A coworker came across this 12 minute video today concerning Windows Server 2008 and IIS 7 Secure FTP services.
I thought it was pretty interesting so I’ll try on summarize in this post. Basically, Microsoft got lots of complaints about the fact that no “built-in” secure FTP services had been included into previous versions of Windows Server. In fact, there is no built-in secure FTP services in Windows Server 2008, but it can be downloaded from the following locations:
Windows Server 2008 – FTP 7.0 Secure FTP – 32bit
Windows Server 2008 – FTP 7.0 Secure FTP – 64bit
Before installing, you need to make sure FTP services have not been previously installed using Server Manager as shown below:
The installation is pretty easy, more or less a click Next/Next/Next/Finish kind of install.
At this point, we need a SSL Certificate. In the video, Chris created a Self-Signed Certificate using IIS Manager to demonstrate the Secure FTP capabilities.
Next, to create a new FTP site. Open Server Manager and expand Roles | Web Server (IIS). Highlight Internet Information Services.
Within the IIS Manager window, expand the IIS server and right-click Sites. Select Add FTP Site.

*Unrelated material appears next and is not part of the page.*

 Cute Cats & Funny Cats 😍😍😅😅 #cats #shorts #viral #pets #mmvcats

Enter the FTP Site Information.
On the Binding and SSL Settings window, if necessary, specify an IP Address and Virtual Host and then select an SSL Certificate.

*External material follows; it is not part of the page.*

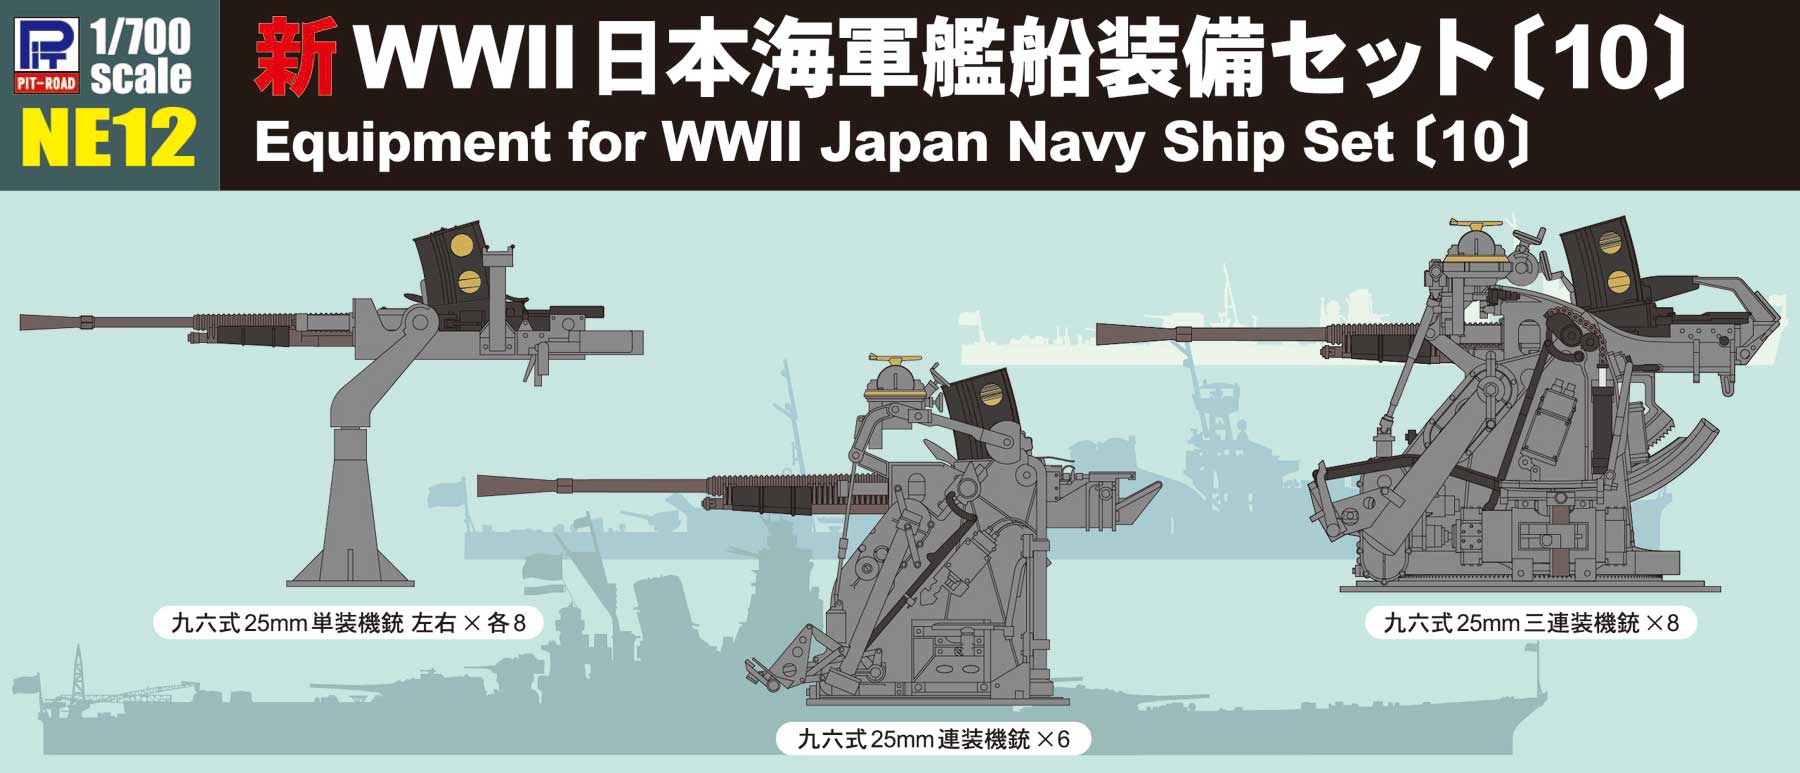 日本軍装備セット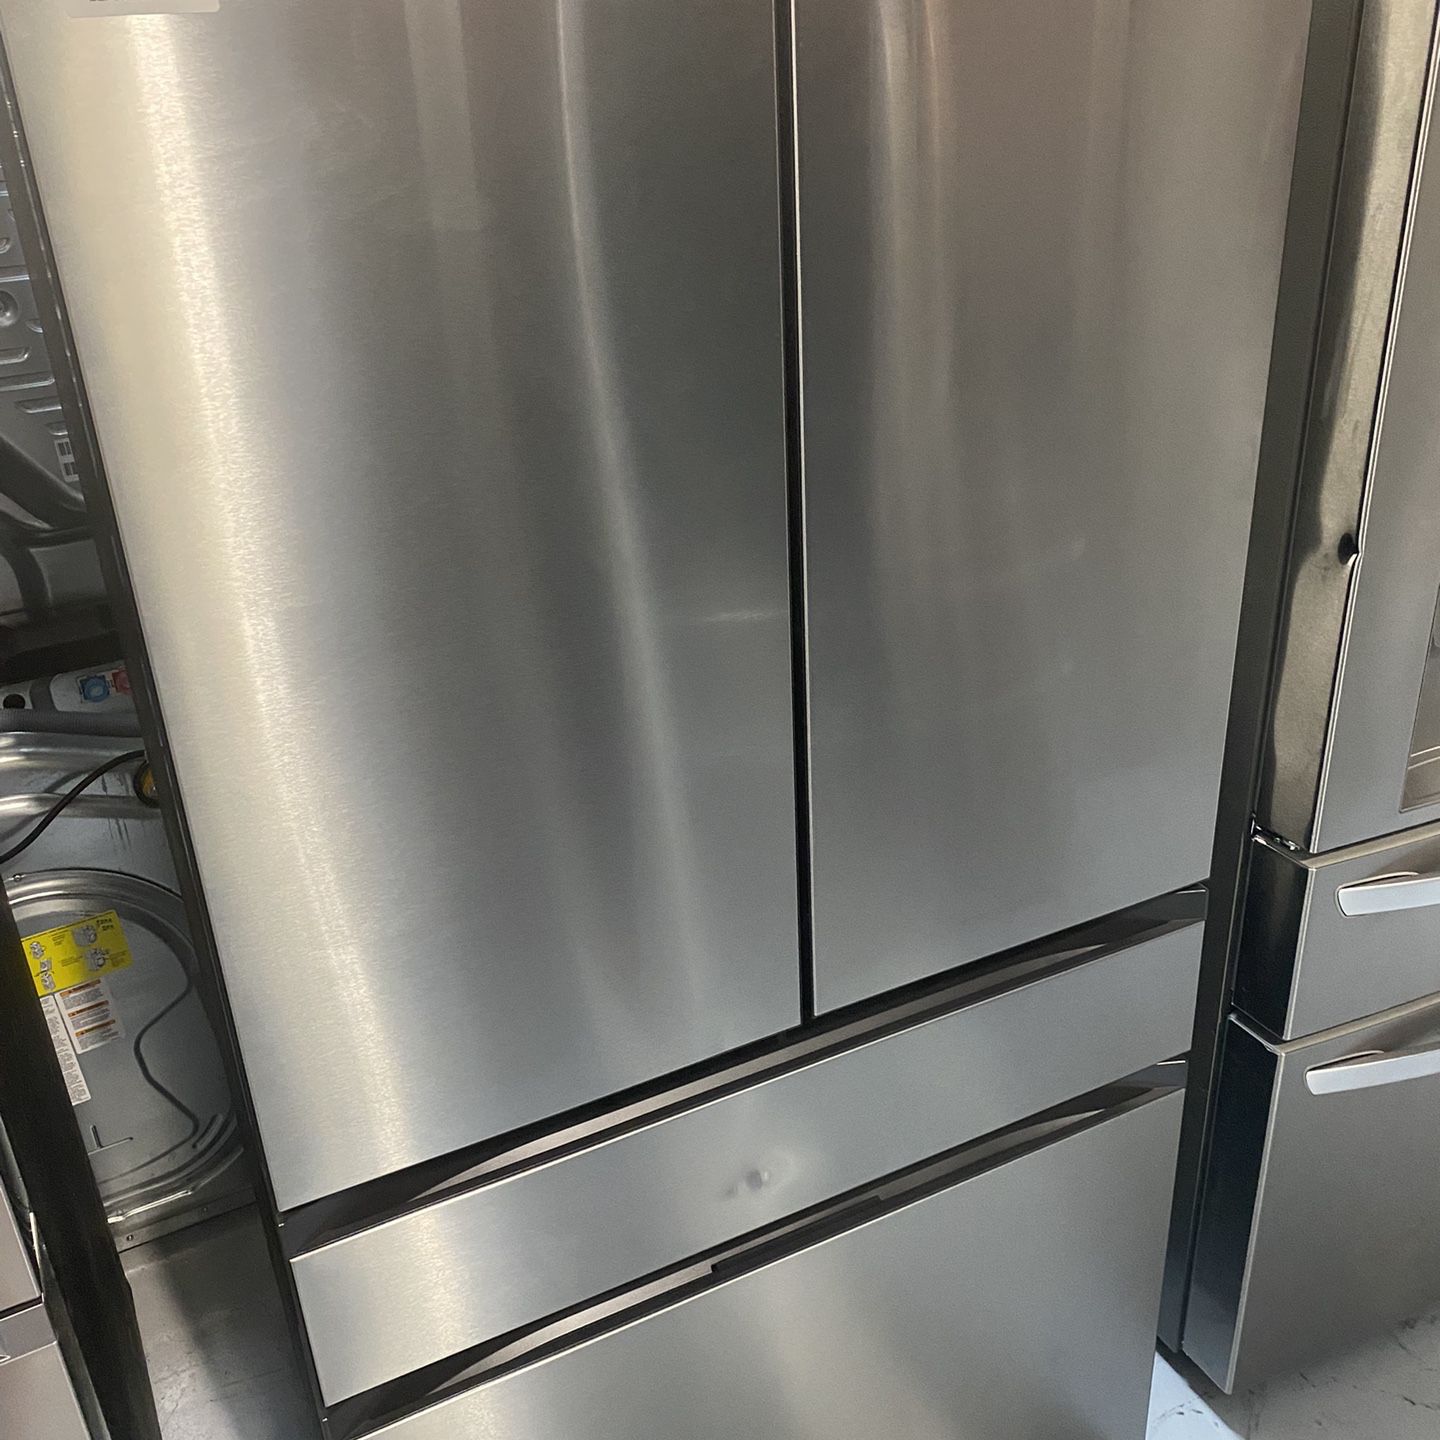 Samsung Stainless Steel Bespoke 4-Door French Door Refrigerator

On the Authentication and Authorization Information window, select Basic as the Authentication method and then under Authorization, specify the group(s) which will have access to the site, and their permissions.
Click Finish to create SecureFTP.
At this point, two netsh commands need to be executed to open the firewall. They are shown below:
You will need to download your own Secure FTP client however. Chris used FileZilla in his video, but I’ve also read that SmartFTP will work also.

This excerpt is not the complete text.